Nothing in the records may be dropped or altered when you repeat them.
*** Task input ***
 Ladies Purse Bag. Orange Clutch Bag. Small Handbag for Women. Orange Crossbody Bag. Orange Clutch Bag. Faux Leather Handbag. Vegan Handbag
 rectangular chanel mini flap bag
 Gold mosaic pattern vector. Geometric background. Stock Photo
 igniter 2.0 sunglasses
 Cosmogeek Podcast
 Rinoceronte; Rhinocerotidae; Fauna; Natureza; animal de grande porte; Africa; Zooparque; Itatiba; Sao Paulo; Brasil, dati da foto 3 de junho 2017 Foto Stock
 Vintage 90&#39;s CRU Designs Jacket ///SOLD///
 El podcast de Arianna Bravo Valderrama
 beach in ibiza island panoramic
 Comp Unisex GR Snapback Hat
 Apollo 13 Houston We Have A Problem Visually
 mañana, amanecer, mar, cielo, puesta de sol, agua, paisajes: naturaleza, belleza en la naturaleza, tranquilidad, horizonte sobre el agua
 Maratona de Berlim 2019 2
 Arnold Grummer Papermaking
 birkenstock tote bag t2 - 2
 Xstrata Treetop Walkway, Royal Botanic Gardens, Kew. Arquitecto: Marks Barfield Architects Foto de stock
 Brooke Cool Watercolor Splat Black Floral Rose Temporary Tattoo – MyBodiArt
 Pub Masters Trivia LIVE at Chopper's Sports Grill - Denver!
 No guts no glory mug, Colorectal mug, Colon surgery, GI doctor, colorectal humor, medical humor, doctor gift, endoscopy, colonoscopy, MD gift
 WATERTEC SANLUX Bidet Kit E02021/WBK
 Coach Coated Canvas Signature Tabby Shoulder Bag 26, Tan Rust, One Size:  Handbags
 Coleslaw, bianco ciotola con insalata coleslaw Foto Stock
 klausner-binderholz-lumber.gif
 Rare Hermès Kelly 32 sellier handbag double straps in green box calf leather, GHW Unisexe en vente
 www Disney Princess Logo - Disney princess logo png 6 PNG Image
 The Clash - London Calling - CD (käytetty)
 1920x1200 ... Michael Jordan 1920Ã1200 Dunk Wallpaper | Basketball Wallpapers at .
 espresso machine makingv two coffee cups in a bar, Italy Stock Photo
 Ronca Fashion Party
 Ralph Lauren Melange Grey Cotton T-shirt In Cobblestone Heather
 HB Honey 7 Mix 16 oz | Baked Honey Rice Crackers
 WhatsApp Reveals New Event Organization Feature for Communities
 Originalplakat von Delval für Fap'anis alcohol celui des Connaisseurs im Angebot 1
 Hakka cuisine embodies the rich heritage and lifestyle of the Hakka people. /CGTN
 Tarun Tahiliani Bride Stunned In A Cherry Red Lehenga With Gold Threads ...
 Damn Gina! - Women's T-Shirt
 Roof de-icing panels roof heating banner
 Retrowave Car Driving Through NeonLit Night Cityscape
***
* [Solution]
 Ladies Purse Bag. Orange Clutch Bag. Small Handbag for Women. Orange Crossbody Bag. Orange Clutch Bag. Faux Leather Handbag. Vegan Handbag
 rectangular chanel mini flap bag
 Gold mosaic pattern vector. Geometric background. Stock Photo
 igniter 2.0 sunglasses
 Cosmogeek Podcast
 Rinoceronte; Rhinocerotidae; Fauna; Natureza; animal de grande porte; Africa; Zooparque; Itatiba; Sao Paulo; Brasil, dati da foto 3 de junho 2017 Foto Stock
 Vintage 90&#39;s CRU Designs Jacket ///SOLD///
 El podcast de Arianna Bravo Valderrama
 beach in ibiza island panoramic
 Comp Unisex GR Snapback Hat
 Apollo 13 Houston We Have A Problem Visually
 mañana, amanecer, mar, cielo, puesta de sol, agua, paisajes: naturaleza, belleza en la naturaleza, tranquilidad, horizonte sobre el agua
 Maratona de Berlim 2019 2
 Arnold Grummer Papermaking
 birkenstock tote bag t2 - 2
 Xstrata Treetop Walkway, Royal Botanic Gardens, Kew. Arquitecto: Marks Barfield Architects Foto de stock
 Brooke Cool Watercolor Splat Black Floral Rose Temporary Tattoo – MyBodiArt
 Pub Masters Trivia LIVE at Chopper's Sports Grill - Denver!
 No guts no glory mug, Colorectal mug, Colon surgery, GI doctor, colorectal humor, medical humor, doctor gift, endoscopy, colonoscopy, MD gift
 WATERTEC SANLUX Bidet Kit E02021/WBK
 Coach Coated Canvas Signature Tabby Shoulder Bag 26, Tan Rust, One Size:  Handbags
 Coleslaw, bianco ciotola con insalata coleslaw Foto Stock
 klausner-binderholz-lumber.gif
 Rare Hermès Kelly 32 sellier handbag double straps in green box calf leather, GHW Unisexe en vente
 www Disney Princess Logo - Disney princess logo png 6 PNG Image
 The Clash - London Calling - CD (käytetty)
 1920x1200 ... Michael Jordan 1920Ã1200 Dunk Wallpaper | Basketball Wallpapers at .
 espresso machine makingv two coffee cups in a bar, Italy Stock Photo
 Ronca Fashion Party
 Ralph Lauren Melange Grey Cotton T-shirt In Cobblestone Heather
 HB Honey 7 Mix 16 oz | Baked Honey Rice Crackers
 WhatsApp Reveals New Event Organization Feature for Communities
 Originalplakat von Delval für Fap'anis alcohol celui des Connaisseurs im Angebot 1
 Hakka cuisine embodies the rich heritage and lifestyle of the Hakka people. /CGTN
 Tarun Tahiliani Bride Stunned In A Cherry Red Lehenga With Gold Threads ...
 Damn Gina! - Women's T-Shirt
 Roof de-icing panels roof heating banner
 Retrowave Car Driving Through NeonLit Night Cityscape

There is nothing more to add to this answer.